I have already used mysql and did load testing with proper indexes, however it is taking more time.
Expectation is the lookup should be fast and efficient ~500 ms.
2
Answers
PostgreSQL has built in range types, which offer a
@>
containment operator supported by GiST and SP-GiST indexes. Thing is, the performance of index lookups is driven by the distribution of your samples. If I purposefully move all filler samples out of the target range, I can pick out the targets out of 50M rows in 0.06 ms: demo1 (these demos are scaled-down examples of tests I did)It’s the same if I generate them fully randomly, but tighten the range widths down to a 100 (the range widths in your example are 12, 2, 18) – on a scale of 50M, with numbers this high overlaps are unlikely, selectivity is high, index scan is rapid.
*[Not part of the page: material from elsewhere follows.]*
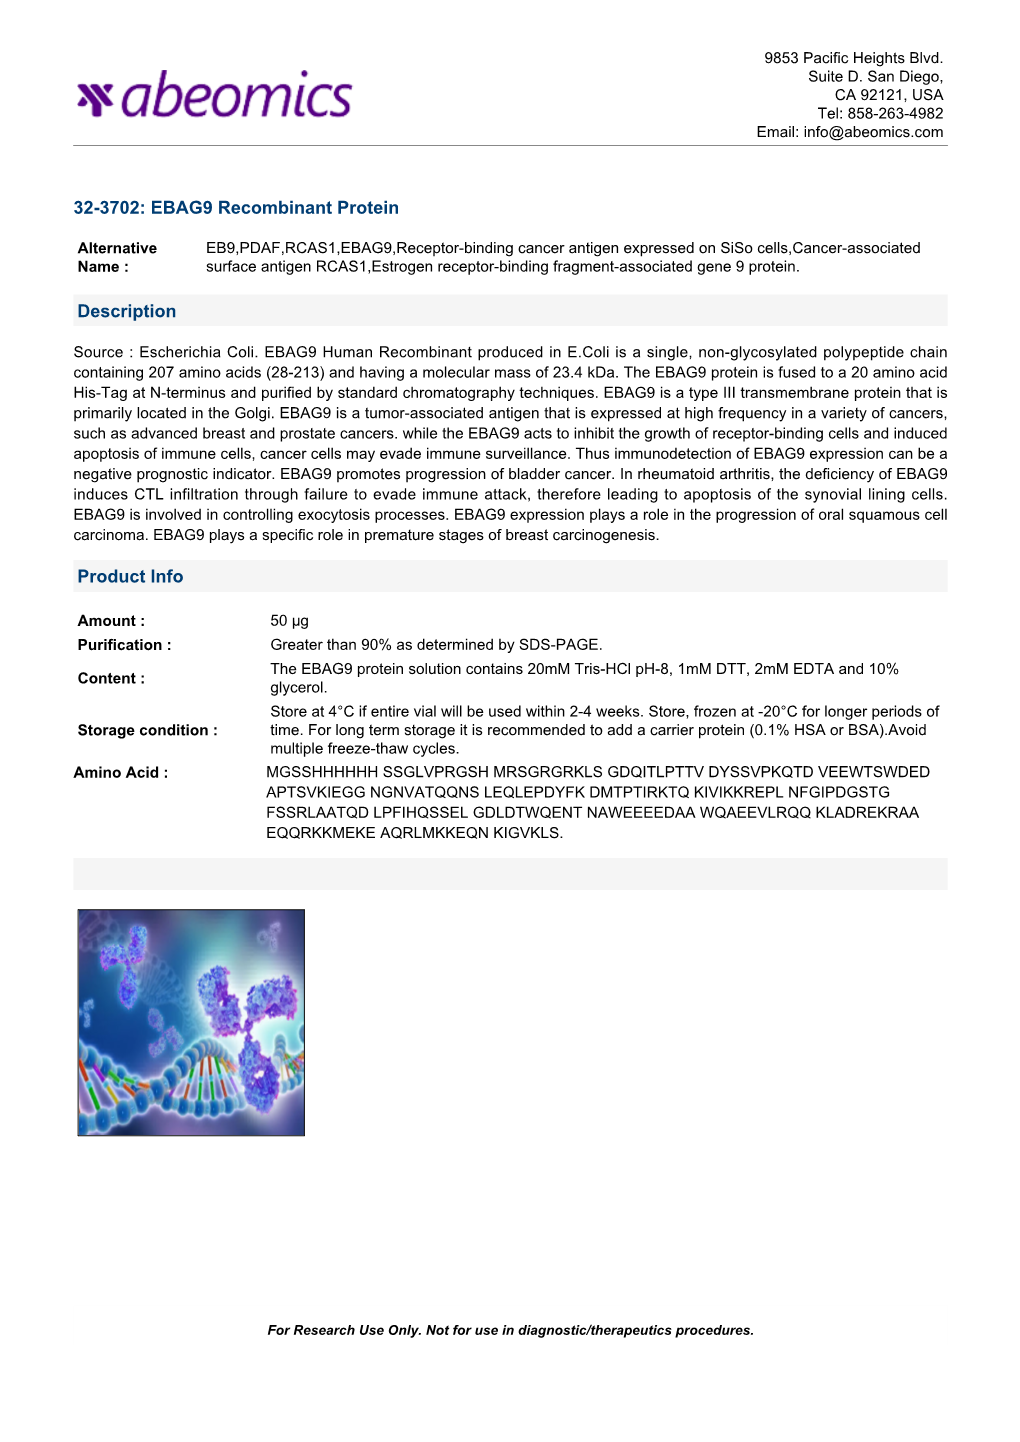 32-3702: EBAG9 Recombinant Protein Description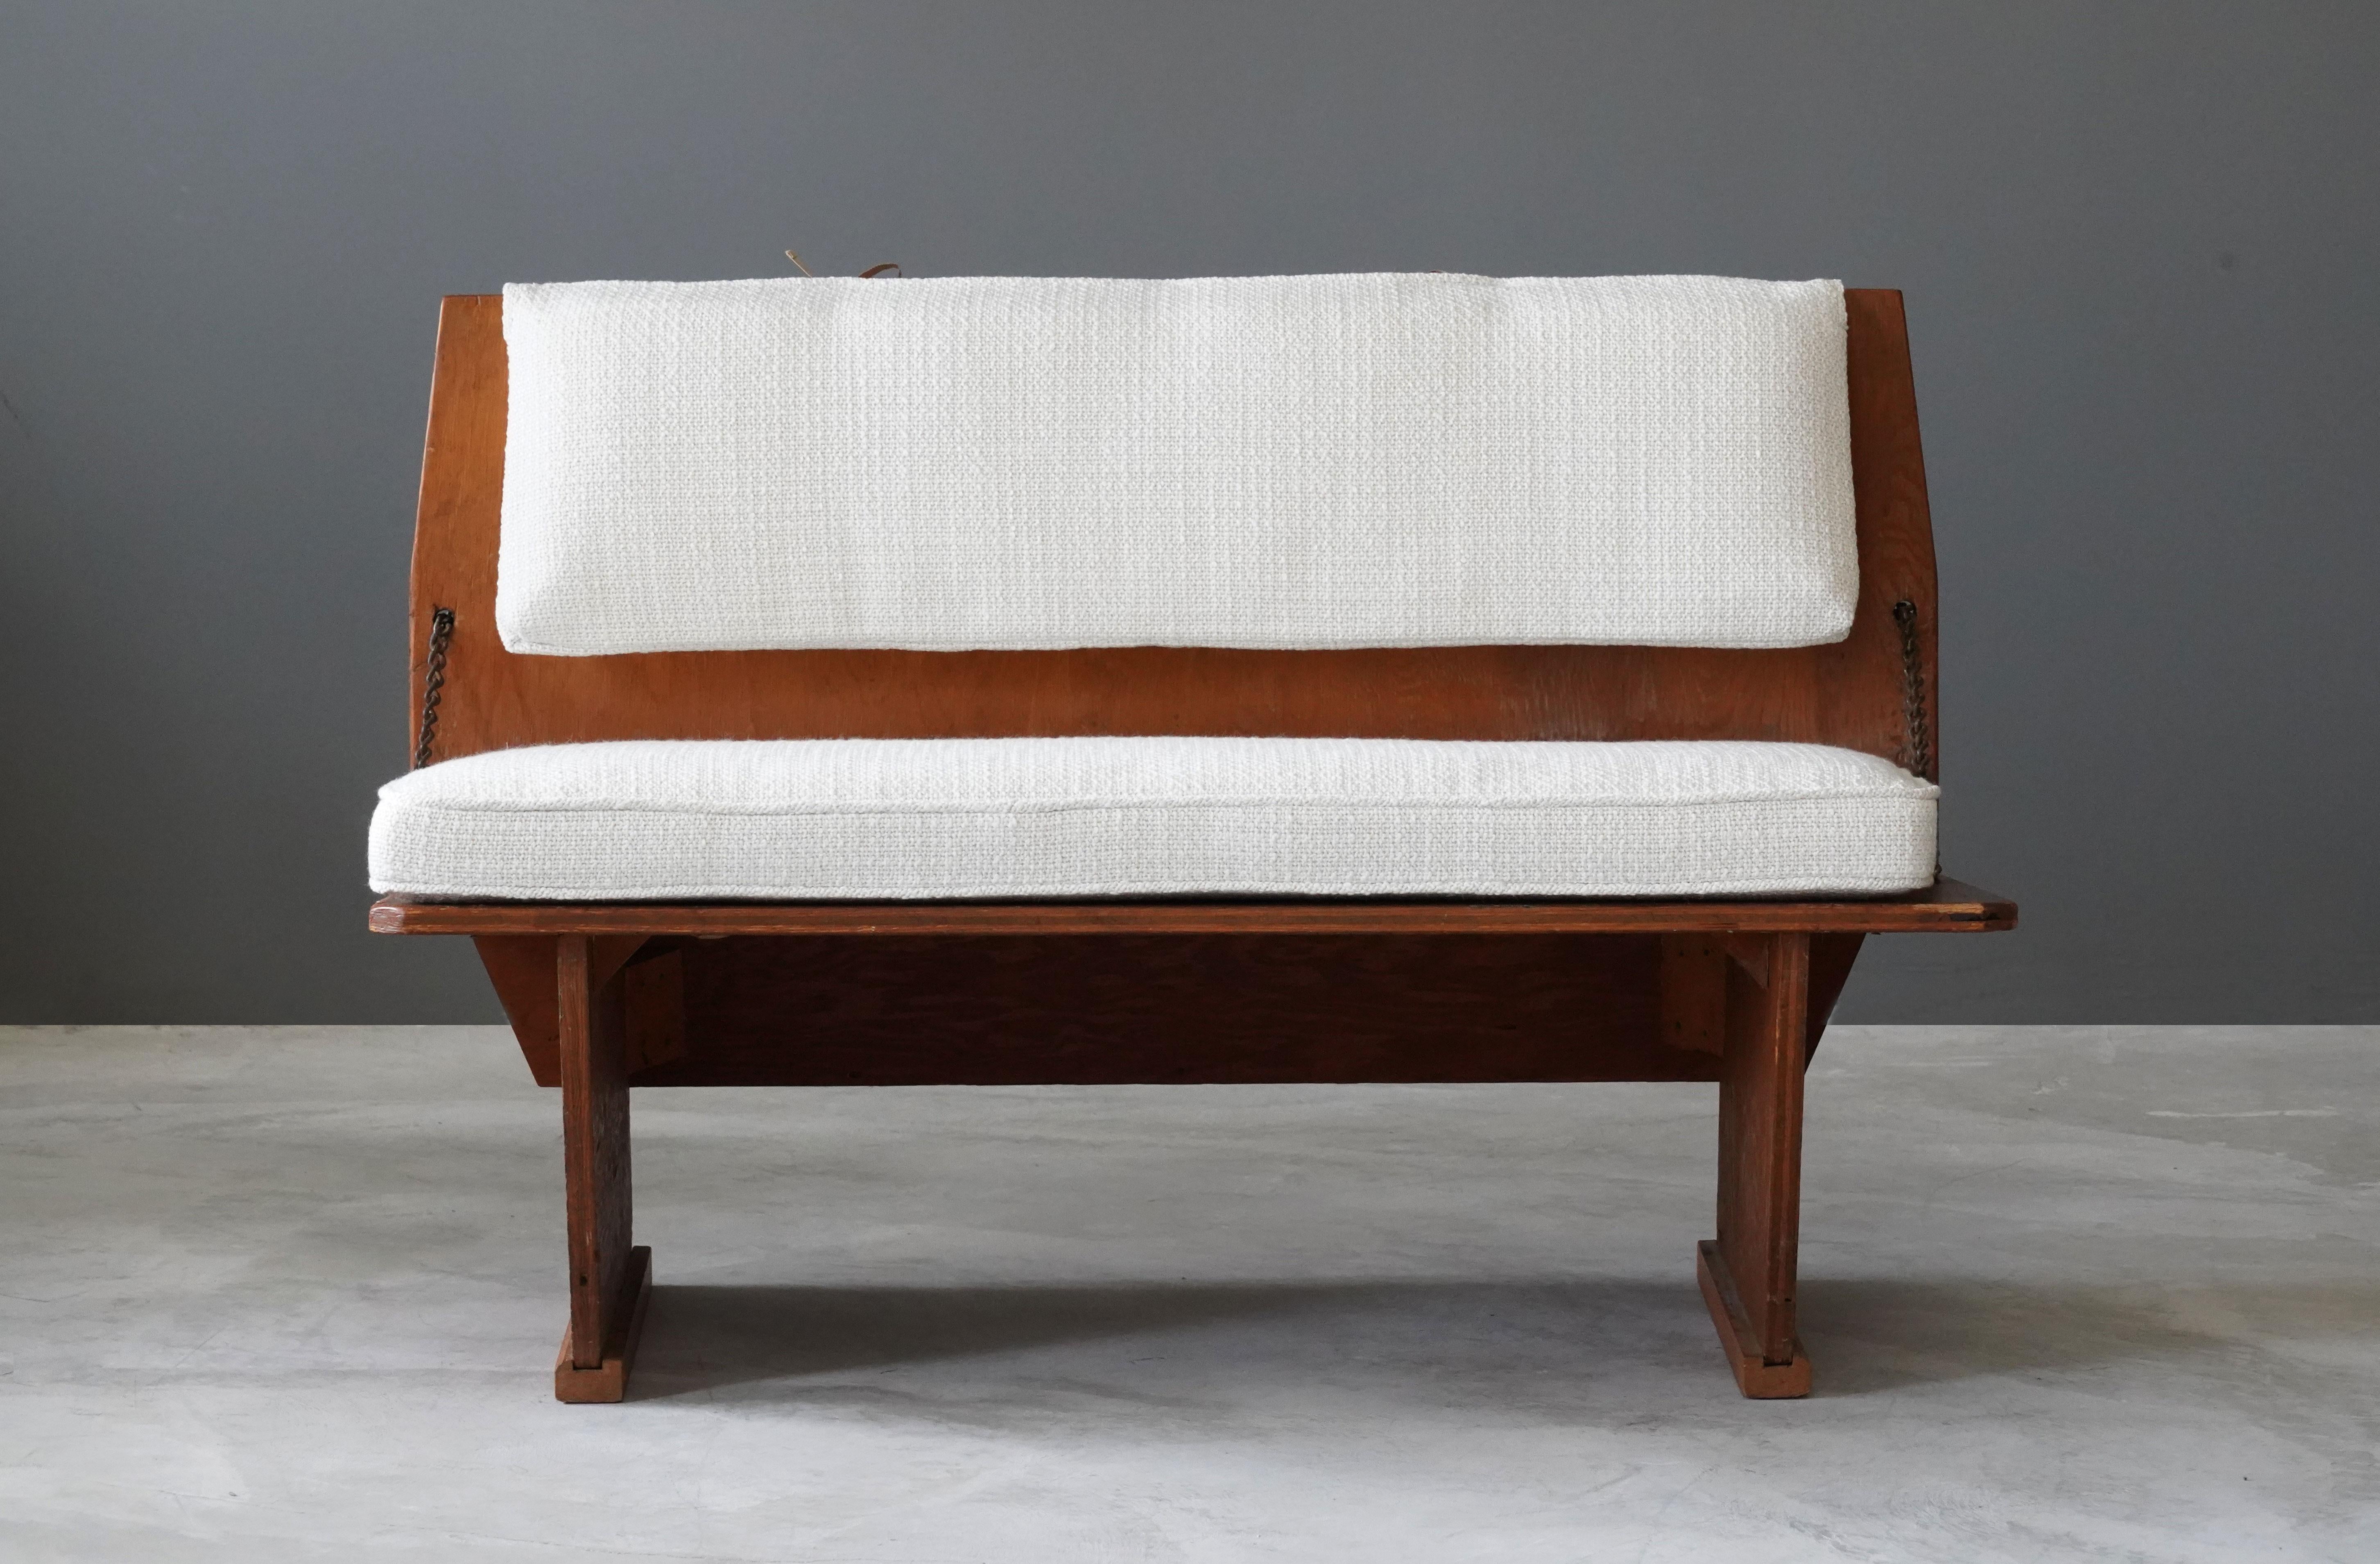 American Frank Lloyd Wright Bench from Unitarian Church, Pine Plywood, Steel, Fabric 1951

If I bump up the range width limit to 100k generating more hits in the target range, it still takes just 0.16ms, 4.6ms if I go further up to 10M with even more matches. demo2
If I spawn 50M completely random ranges, most of them will span so wide they’re unlikely to not overlap and catch the target, making it all jump to 7s because it goes through nearly half the heap, since the index isn’t really helpful in a case like that
The code in https://mysql.rjweb.org/doc.php/ipranges shows how to improve the lookup for IP-addresses. It makes MySQL’s performance as fast as Postgres (essentially 1 row fetched for a simple lookup). You have
DECIMAL(11,0)
; that should work equally well.It does involve changing the structure to have only one number per row. If there are gaps, then they are handled by having extra dummy rows that have [presumably] is_active=false.